The stream processing engine has gone through three generations of technical iterations from Storm to Spark Streaming to Flink, and the big data processing has also gone through the evolution from Lambda architecture to Kappa architecture. This section takes the data analysis of e-commerce platform as an example to explain how big data processing platform supports enterprise online services. E-commerce platforms will record users’ search, click and purchase behaviors in APP or webpage in the form of logs. Various behaviors of users form a real-time data stream, which is called user behavior log.
Lambda architecture
When the first-generation stream processing engine represented by Storm matured, some Internet companies adopted Lambda architecture as shown in the following figure to process data and provide online services in order to give consideration to real-time and accuracy of data. The Lambda architecture is divided into three main parts: the batch layer, the stream layer, and the online services layer. The data flows from message queues such as Kafka.
Batch layer
At the batch layer, data streams are persisted in a batch data warehouse, accumulated for a period of time, and then computed using a batch engine. This accumulation time can be an hour, a day or a month. The processing results are finally imported into a database which can be queried online by the application system. The batch data warehouse in the batch layer can be HDFS, Amazon S3, or other data warehouses, and the batch engine can be MapReduce or Spark.

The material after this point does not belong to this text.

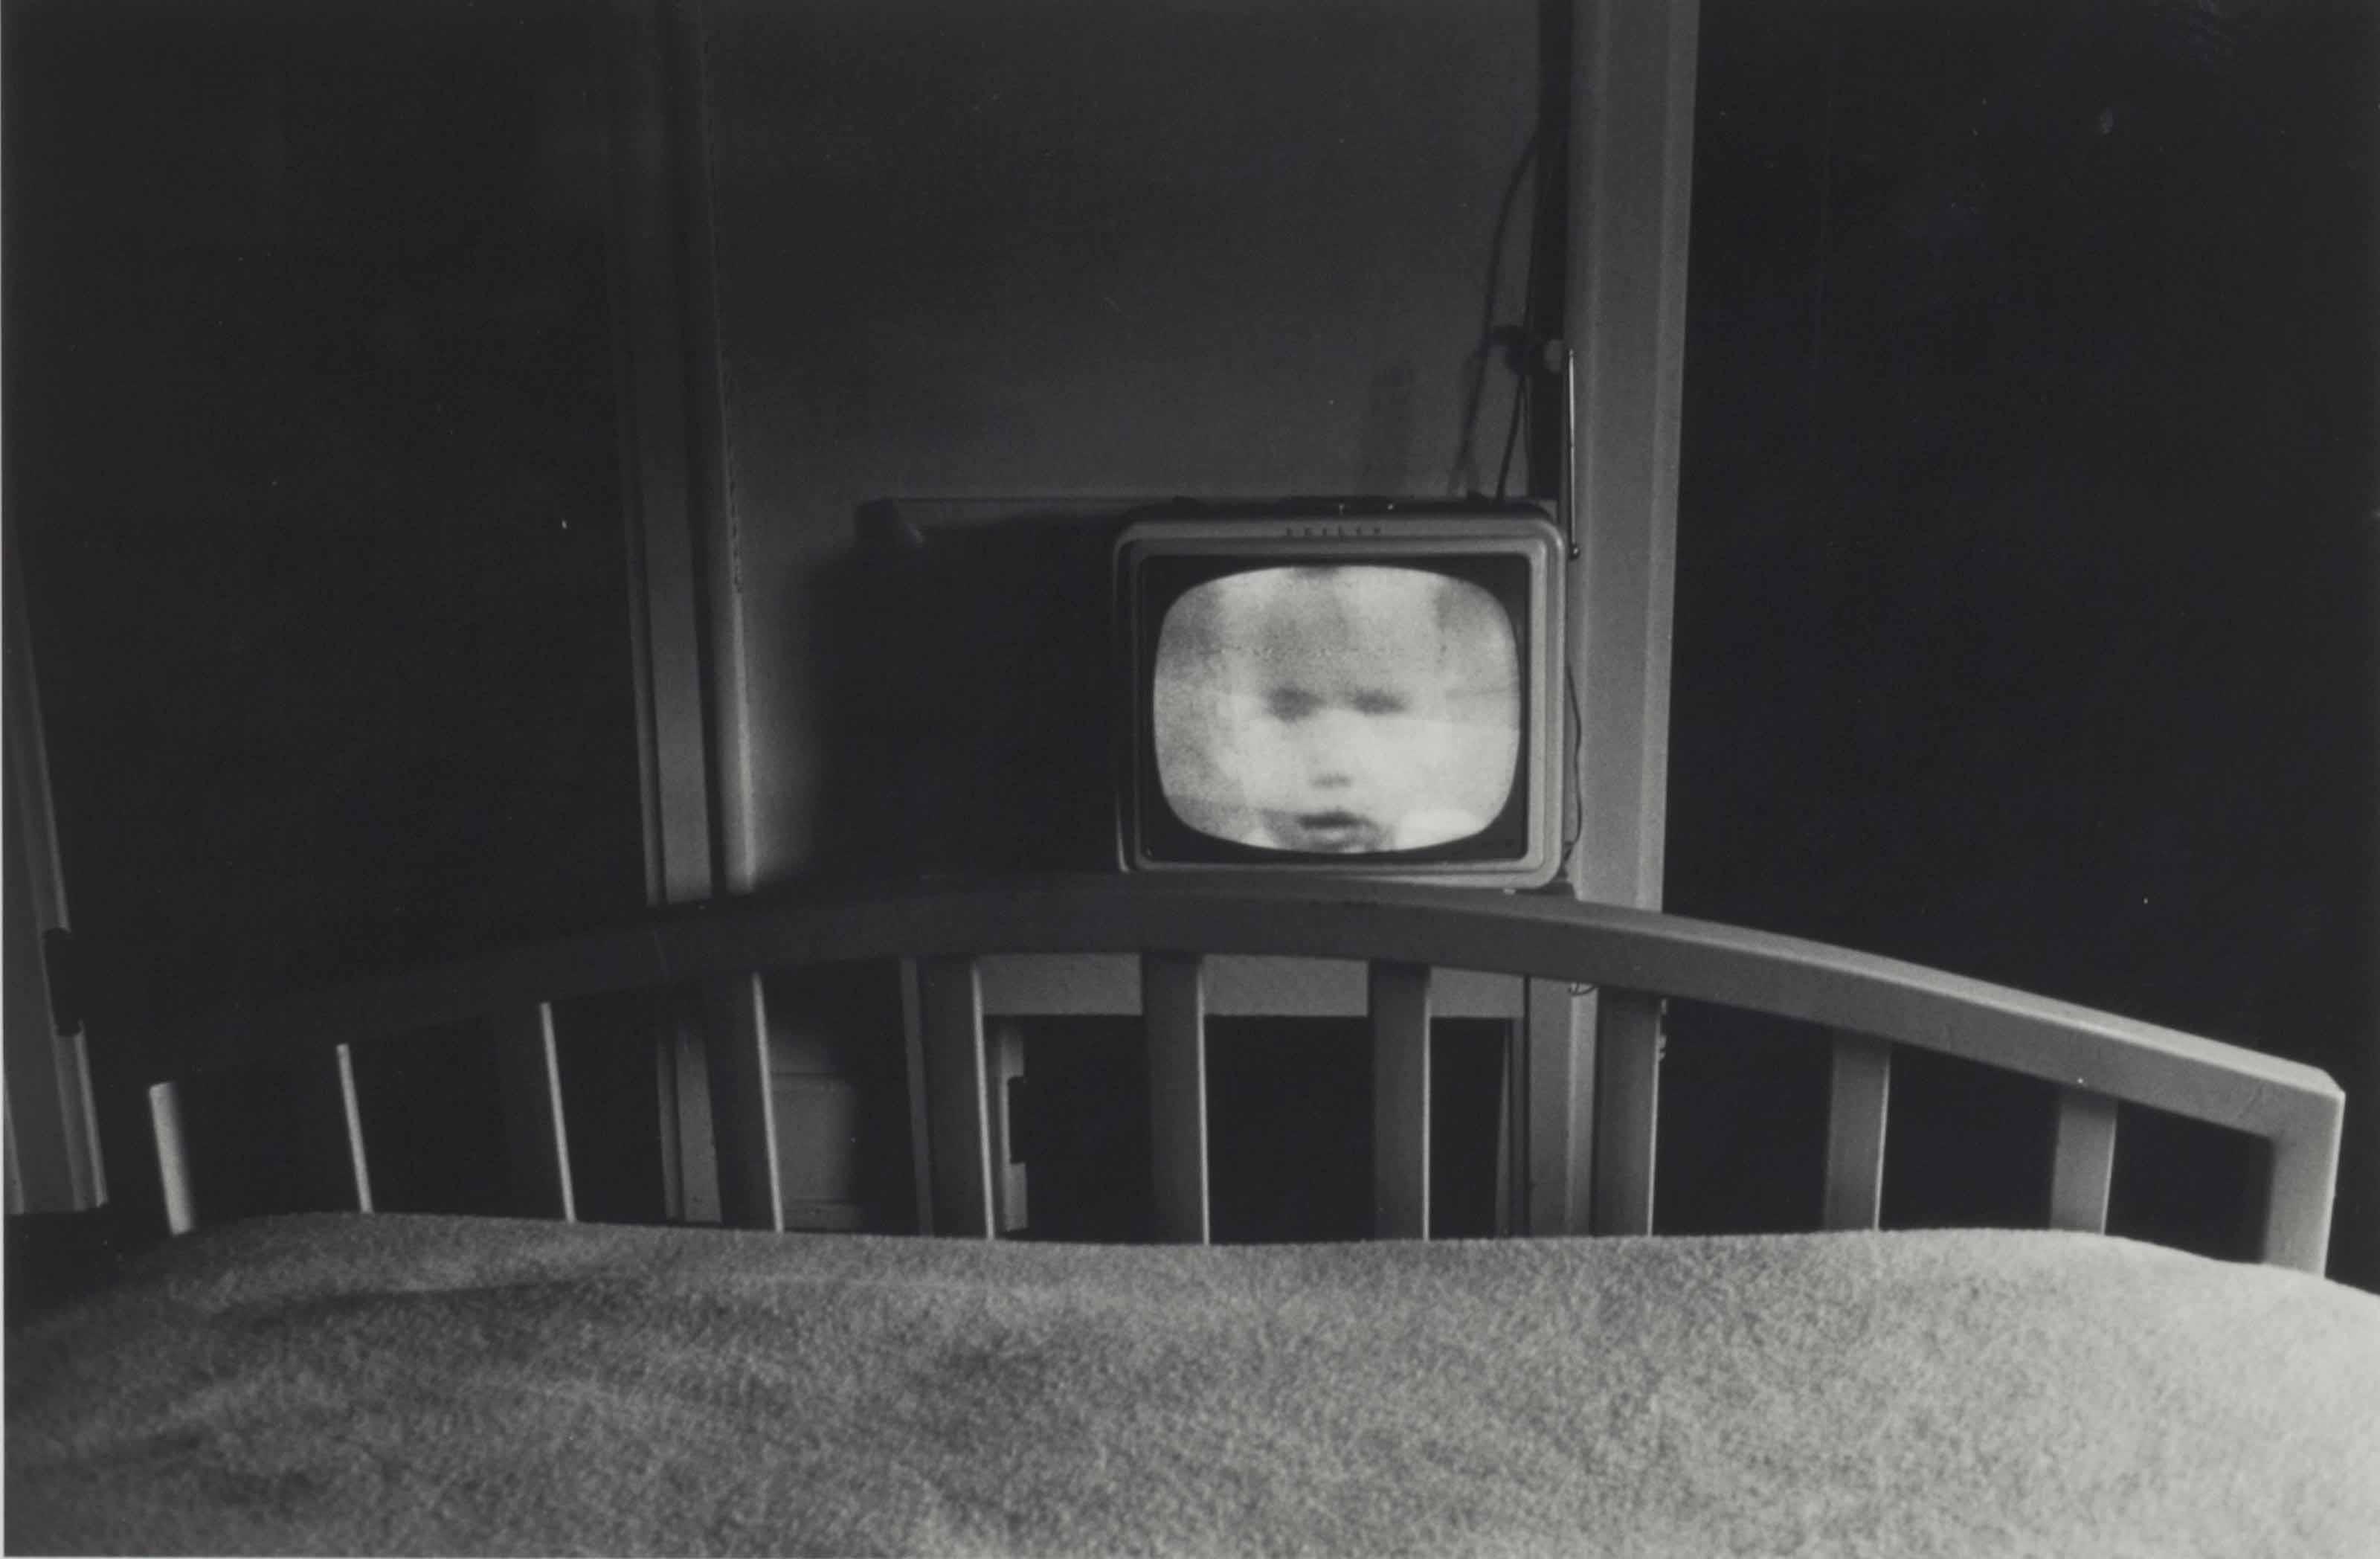 Galax, Virginia, 1962

If electric business platform of data analysis department want to view the entire network one day what goods to buy most times, use batch processing engine data were calculated for the day, like taobao, jingdong this level of electricity, is a large amount of log data, the user behavior in a very simple calculation on the log are likely to need a few hours. Batch processing engines typically start periodically, process data from the previous day or hours, and output the results to a database. A direct query to an online database can take milliseconds, compared with hours for user behavior logs. Calculation example of buying goods most times here is relatively simple, in the actual business scenarios, generally require more sophisticated statistical analysis and machine learning, such as building user portrait, according to user’s age, and gender based information, analysis of certain types of users are most likely to buy what kind of goods, such calculations take longer.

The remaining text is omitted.